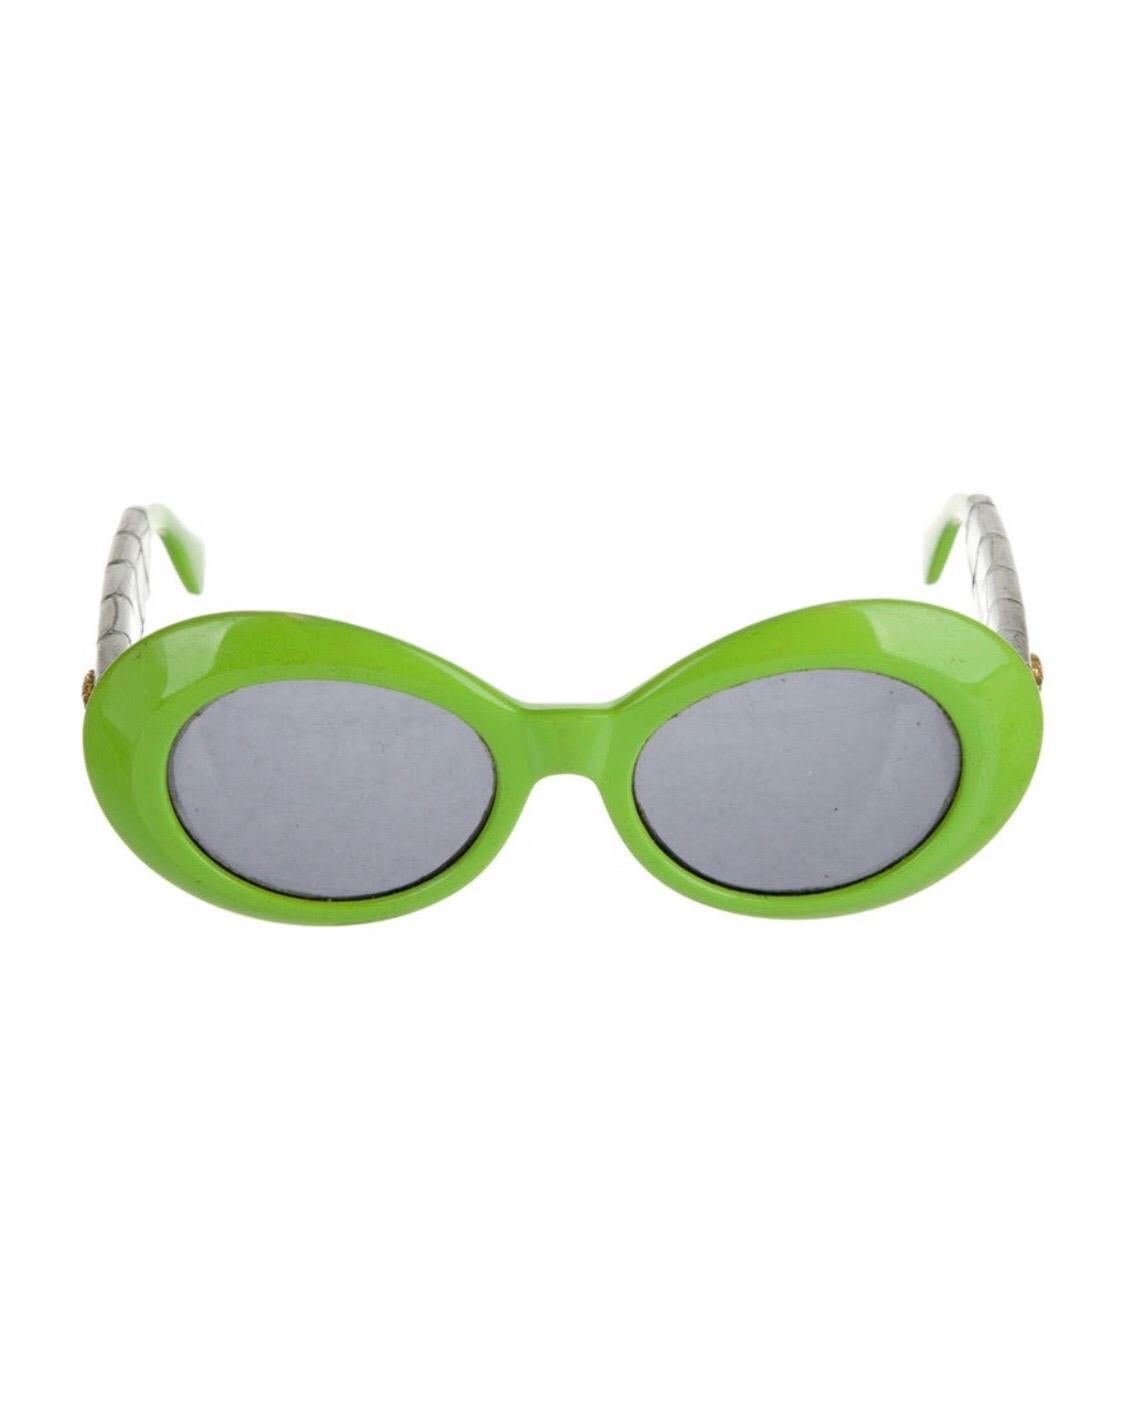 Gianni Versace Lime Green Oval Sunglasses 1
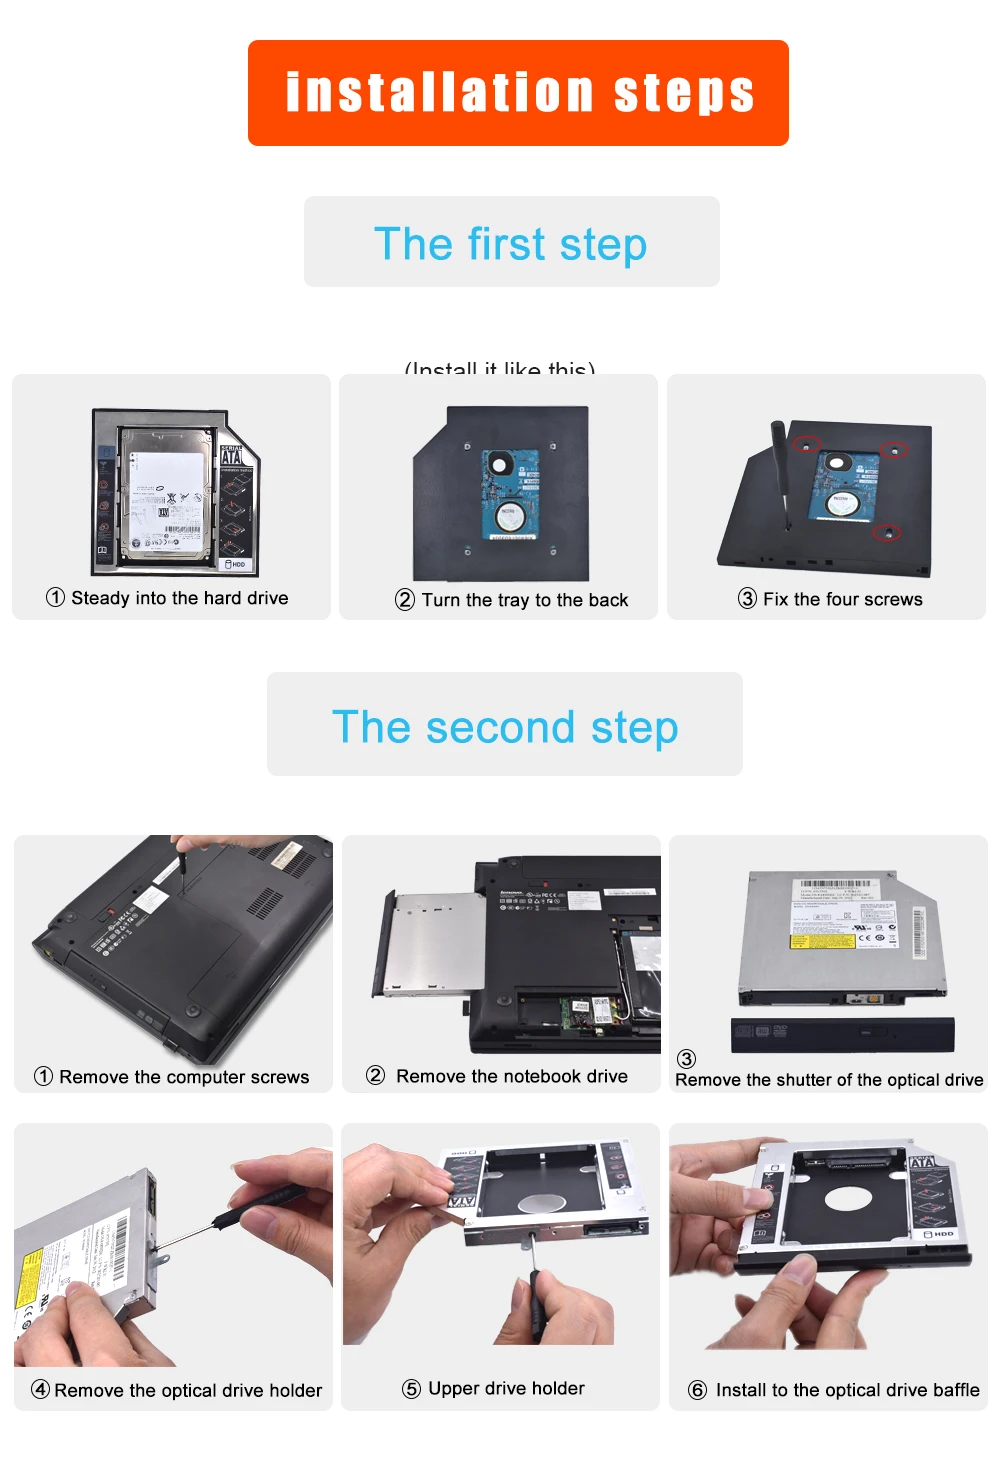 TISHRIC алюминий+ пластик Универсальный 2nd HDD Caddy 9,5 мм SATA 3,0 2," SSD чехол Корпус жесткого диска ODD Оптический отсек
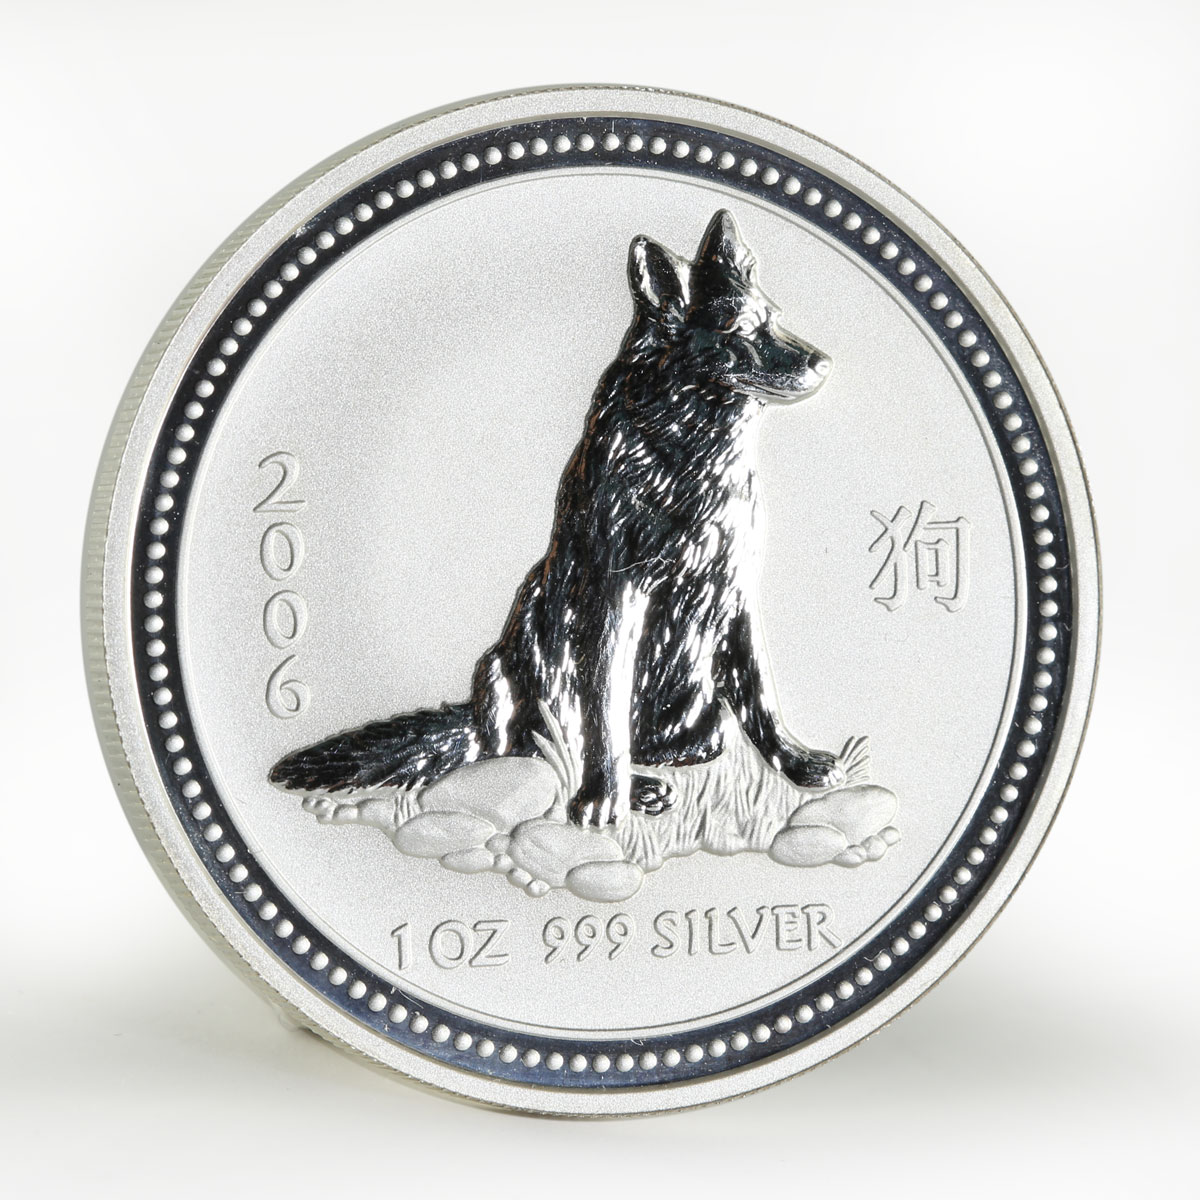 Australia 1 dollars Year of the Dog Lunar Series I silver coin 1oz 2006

━━━━━━━━

EXERCISE OBJECTIVE – Every line of the data is to be transcribed exactly, and no picture is to be included.

EXPECTED OUTPUT –
 Gianni Versace Lime Green Oval Sunglasses 1
 TISHRIC алюминий+ пластик Универсальный 2nd HDD Caddy 9,5 мм SATA 3,0 2," SSD чехол Корпус жесткого диска ODD Оптический отсек
 Australia 1 dollars Year of the Dog Lunar Series I silver coin 1oz 2006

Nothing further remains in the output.